Hal tersebut, kata Djohermansyah, untuk menjaga martabat dan wibawa kepala daerah. "Karena gubernur itu kan wakil pemerintah pusat. Dia juga ketua Forkompimda dimana Kapolda juga anggotanya," ujar Djohermansyah.
"Juga untuk menghindari stigma masyarakat, kalau dipanggil polisi itu kan bersalah. Pusat harusnya menjaga lah. Mekanismenya itu disurati dulu, kalau 30 hari tidak menjawab baru diperiksa gubernurnya," lanjutnya.
Anies Baswedan dipanggil oleh Polda Metro Jaya untuk dimintai klarifikasi terkait dugaan pelanggaran kerumunan massa di kawasan Petamburan, Jakarta Pusat, pada acara Maulid Nabi dan akad nikah putri Rizieq Shihab pada 14 November 2020.
Anies memenuhi panggilan Polda Metro Jaya, Selasa, 17 November 2020. Proses klarifikasi berlangsung lebih dari 9 jam.

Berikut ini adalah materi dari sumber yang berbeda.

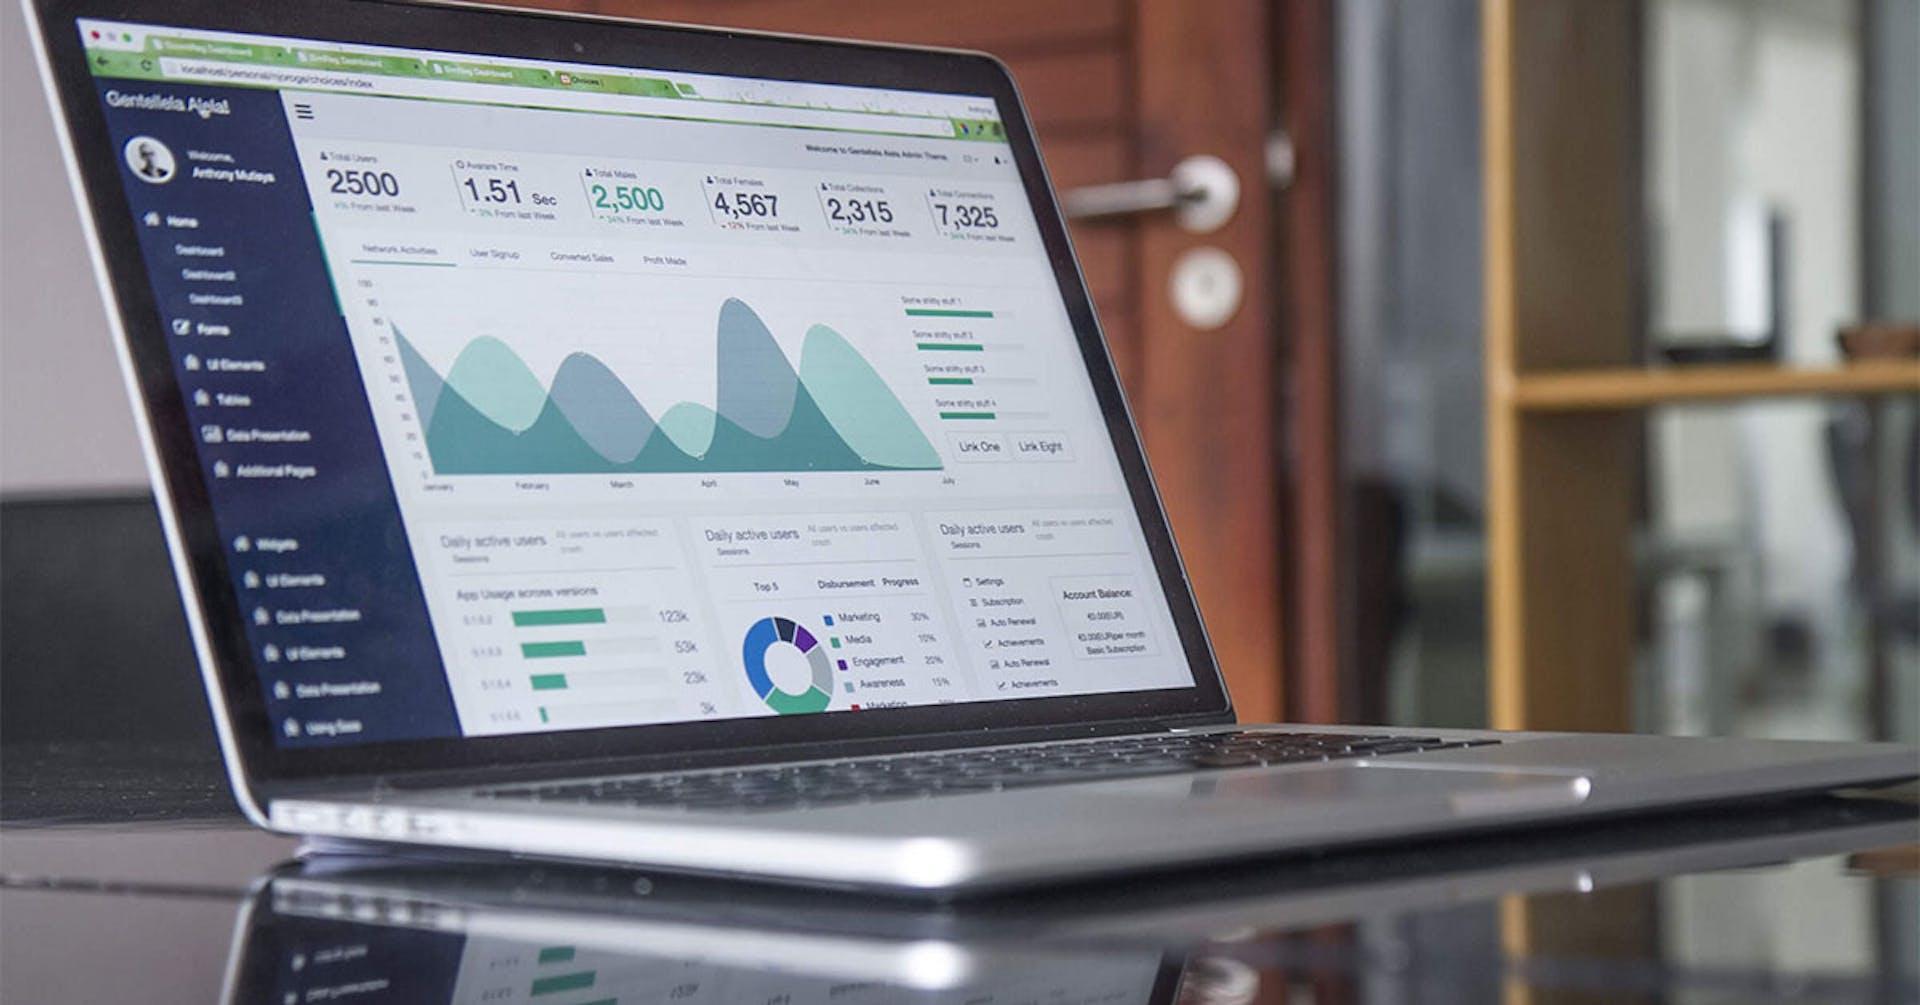 ¿Qué es Small Data? 5 diferencias fundamentales al compararlo con Big Data
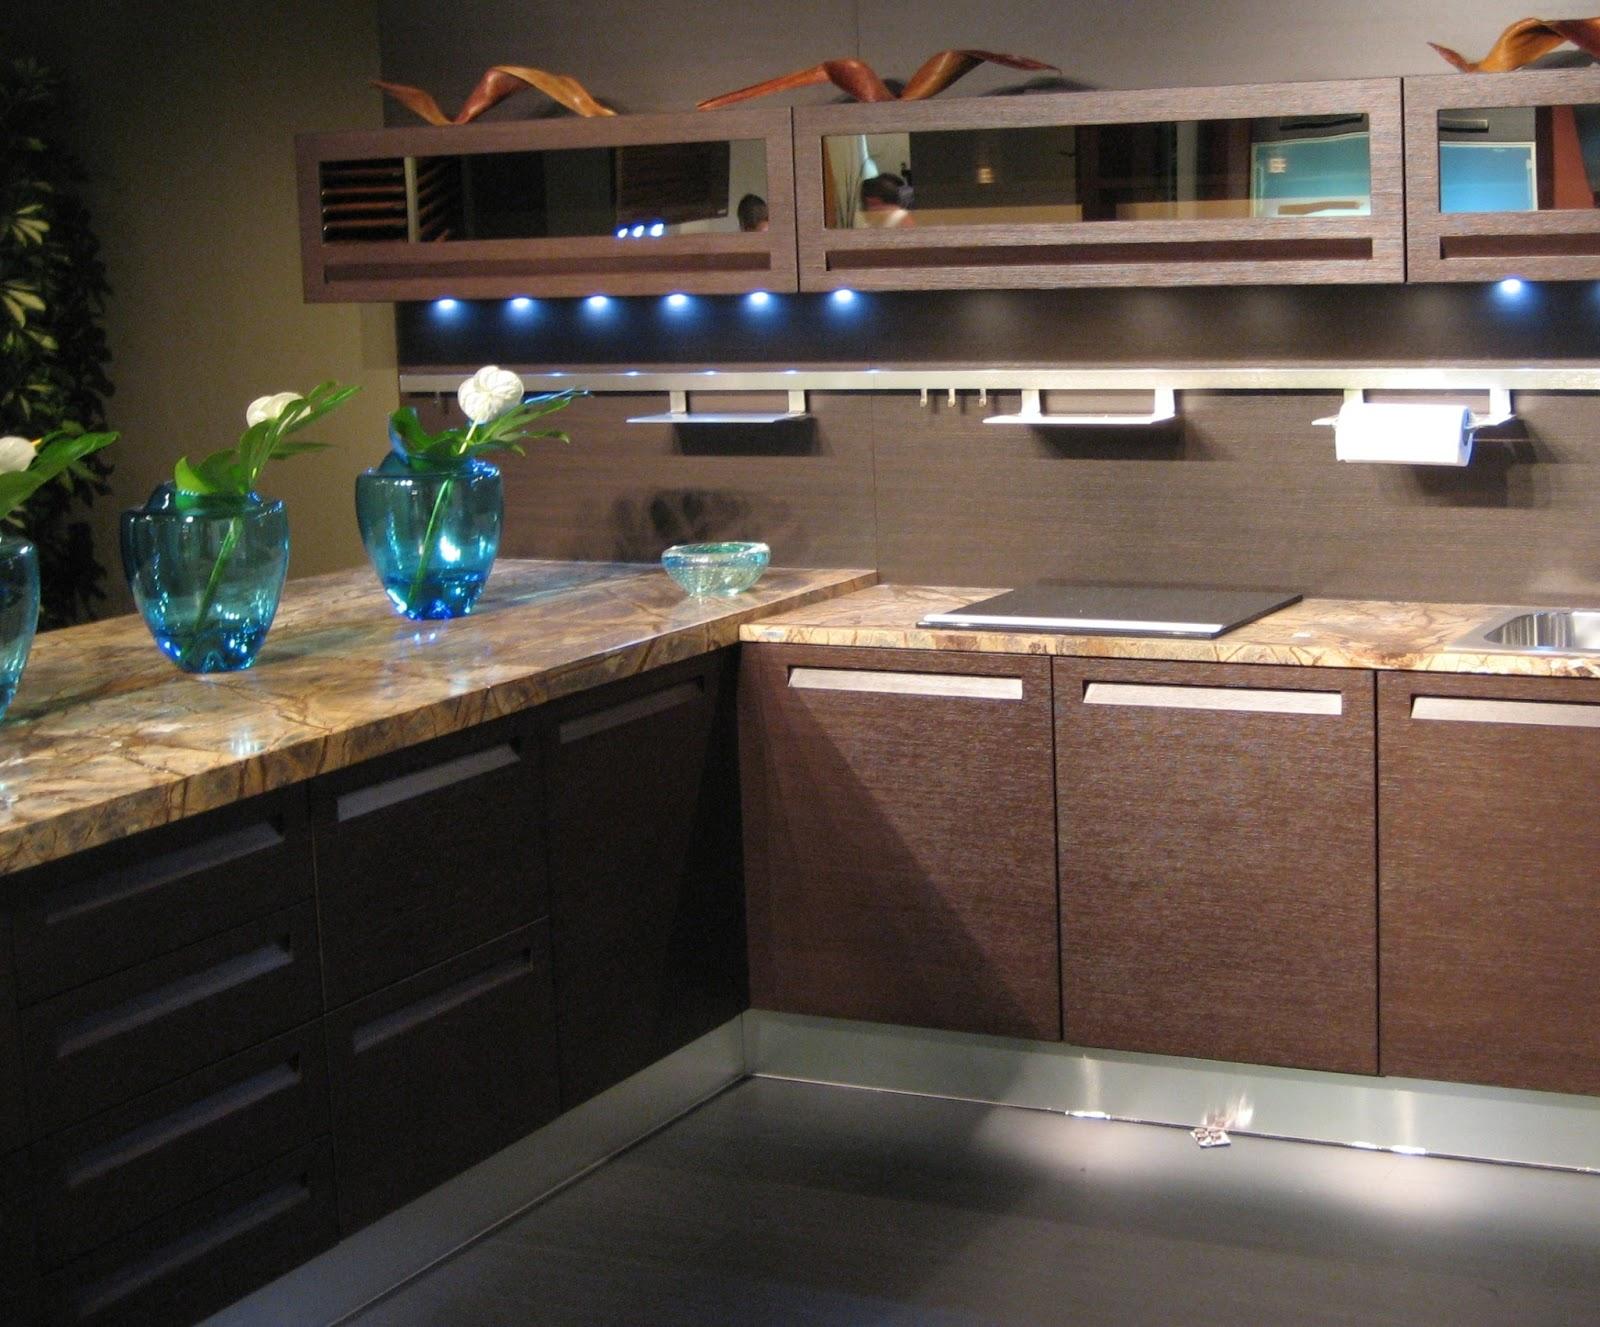 Encimeras de cocina: cuáles son y cómo conservarlas - Cocinas con estilo
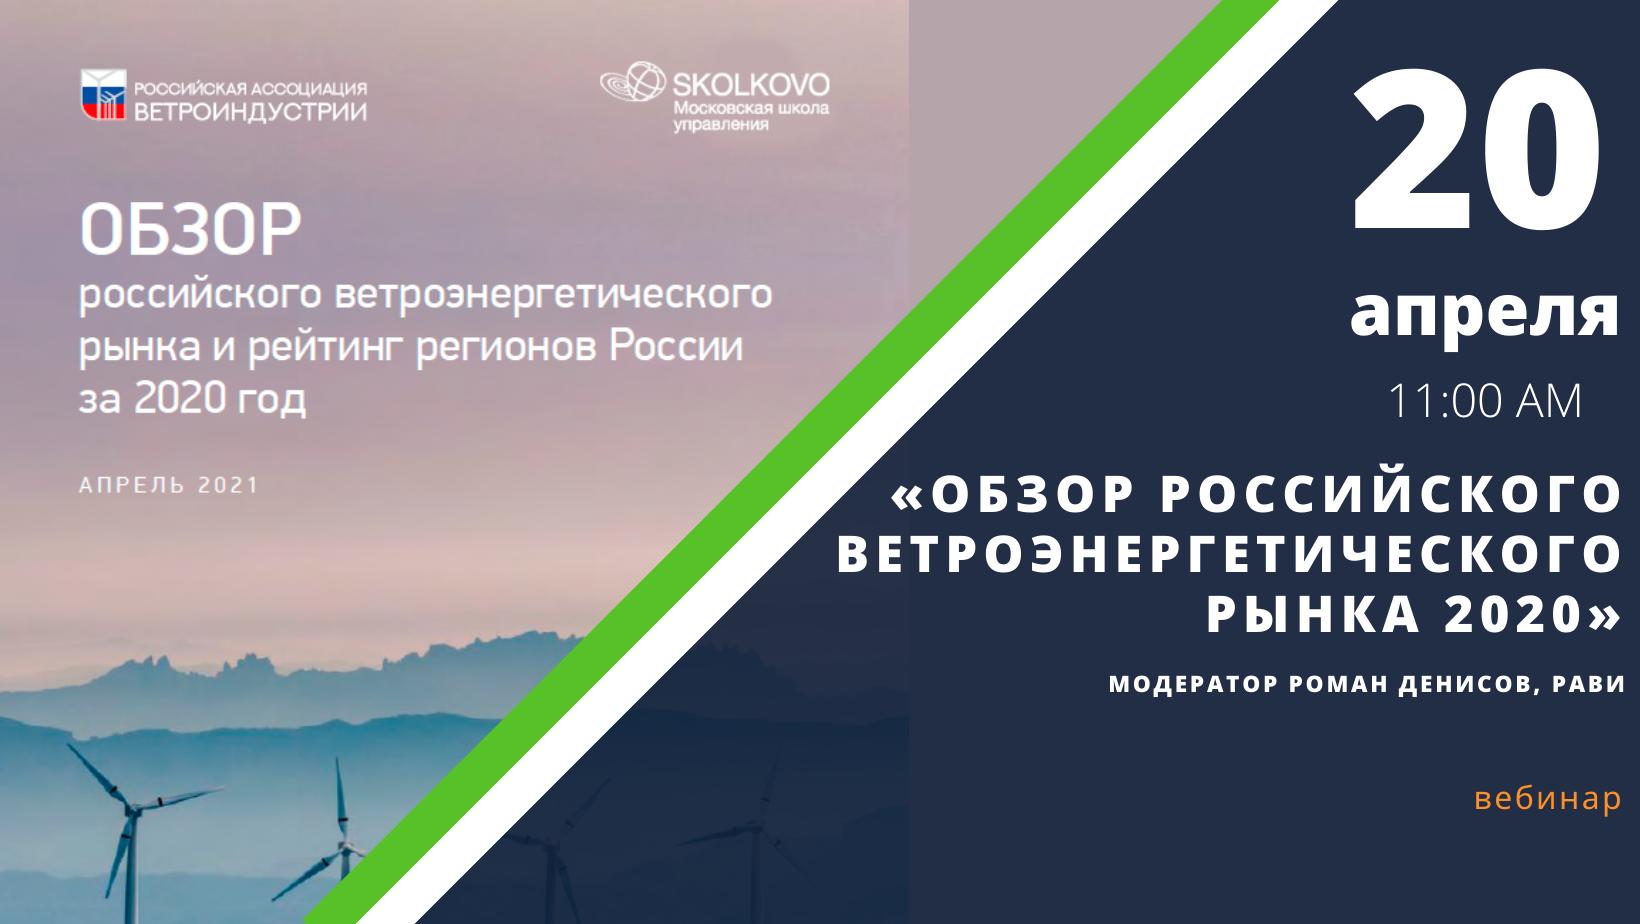 Обзор российского рынка ветроэнергетики 2020
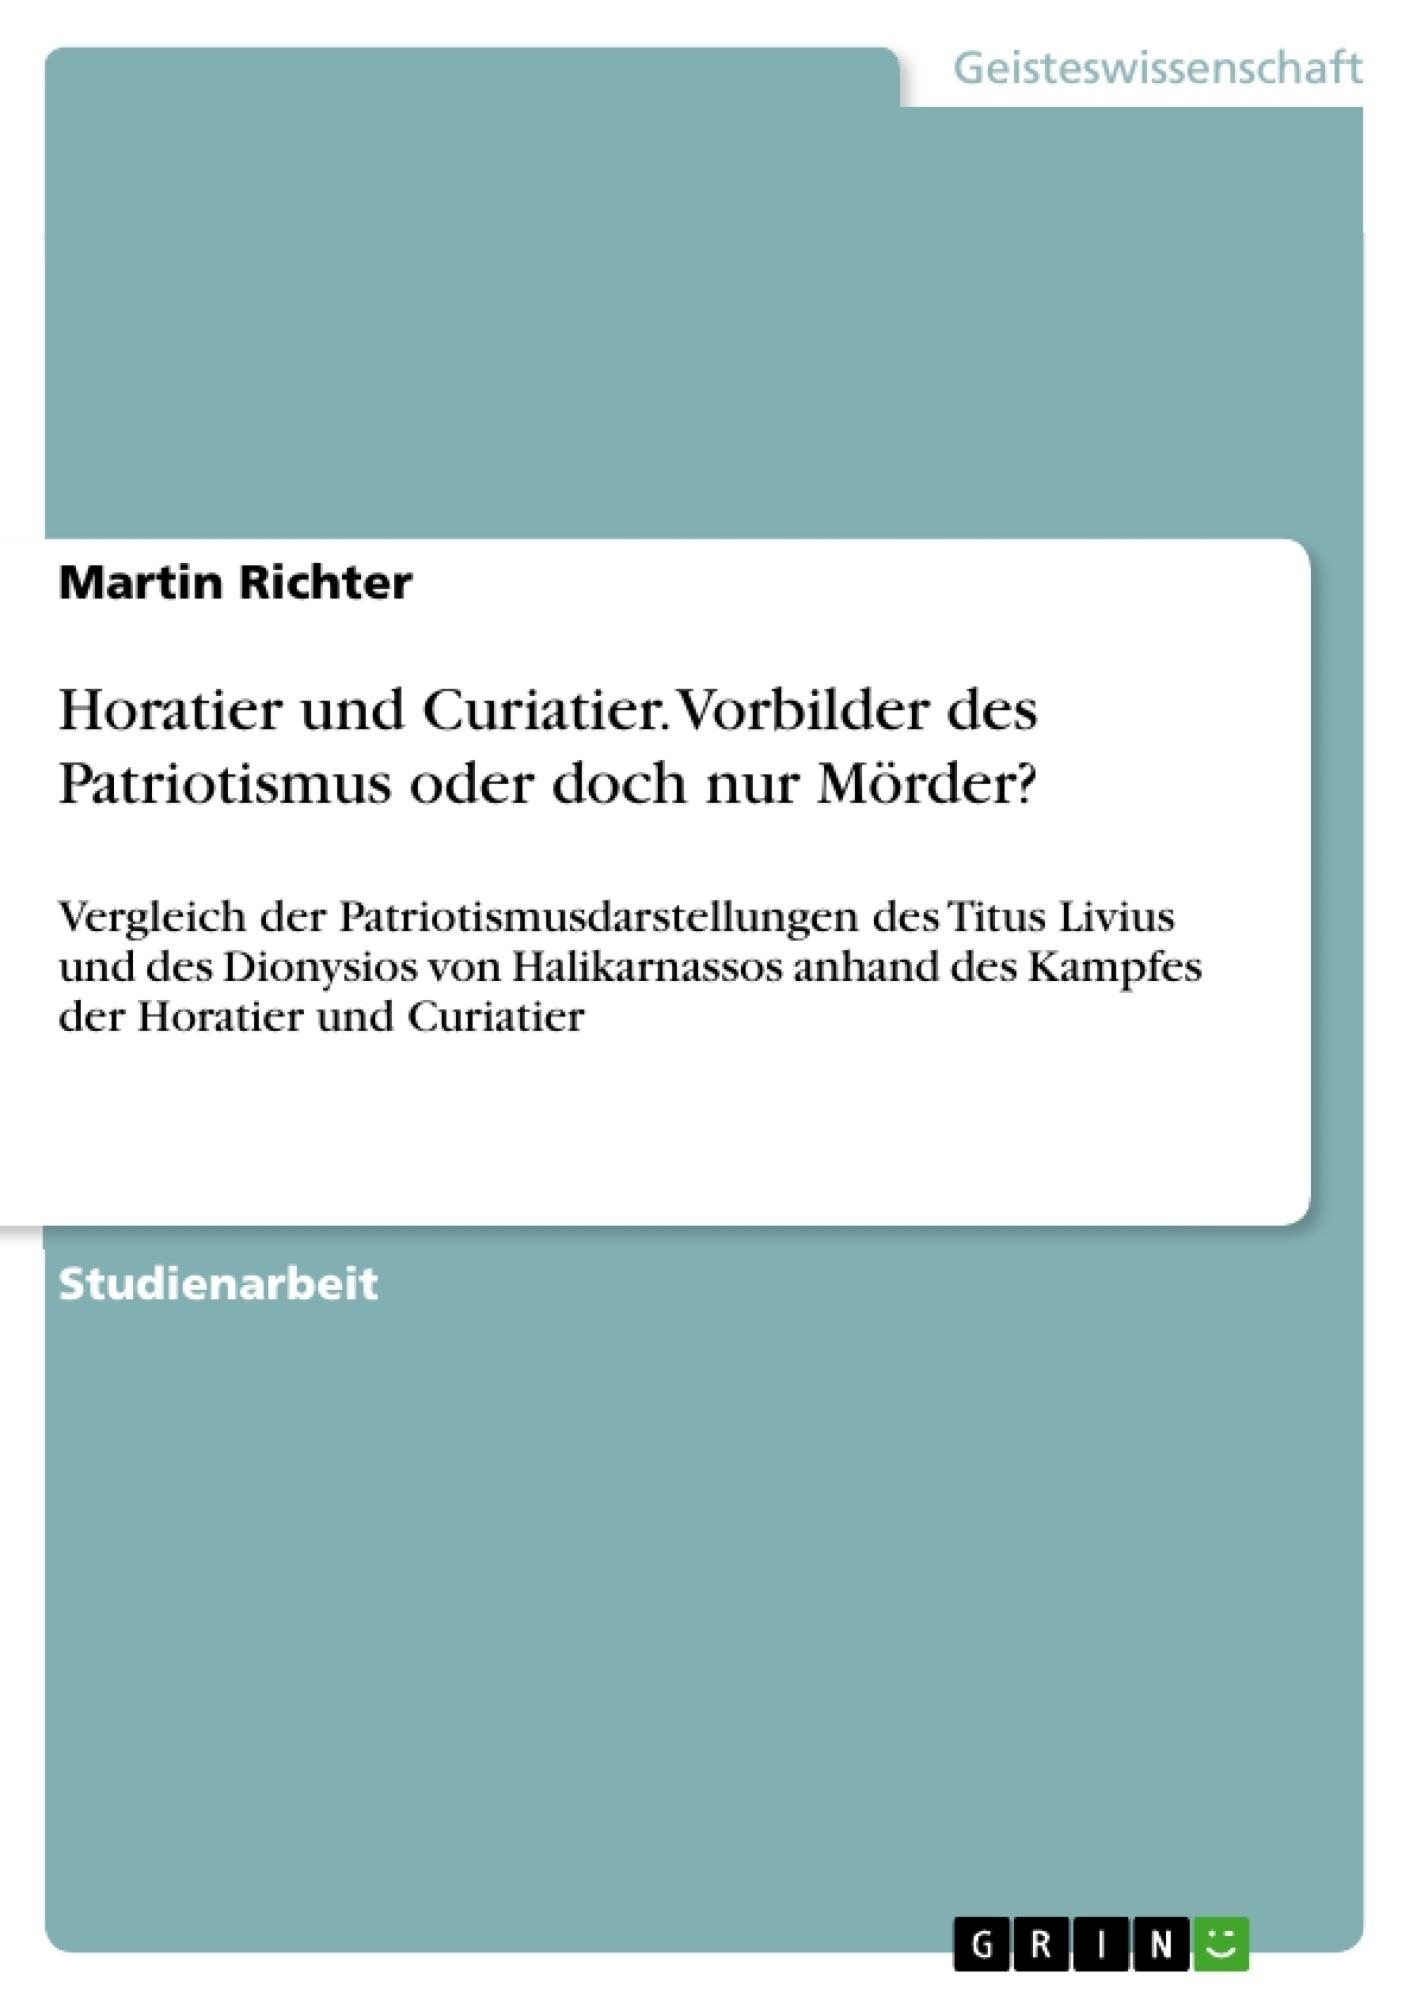 Titel: Horatier und Curiatier. Vorbilder des Patriotismus oder doch nur Mörder?

Anies Baswedan mengaku mendapat 33 pertanyaan, yang dicatat dalam 23 lembar halaman pemeriksaan. Sejumlah pengamat menilai pemanggilan Anies berlebihan.
Direktur Reserse Kriminal Umum Polda Metro Jaya Komisaris Besar Tubagus Ade Hidayat menyebut pemanggilan Anies hanya bersifat klarifikasi.
"Kesannya kalau dipanggil polisi itu, dikriminalisasi dan sebagainya. Ini pemahamannya kita samakan dulu, tidak langsung orang diklarifikasi oleh kepolisian kemudian berpotensi menjadi tersangka. Jadi, berlebihannya di mana?" kata Ade di kantornya, Rabu, 18 November 2020.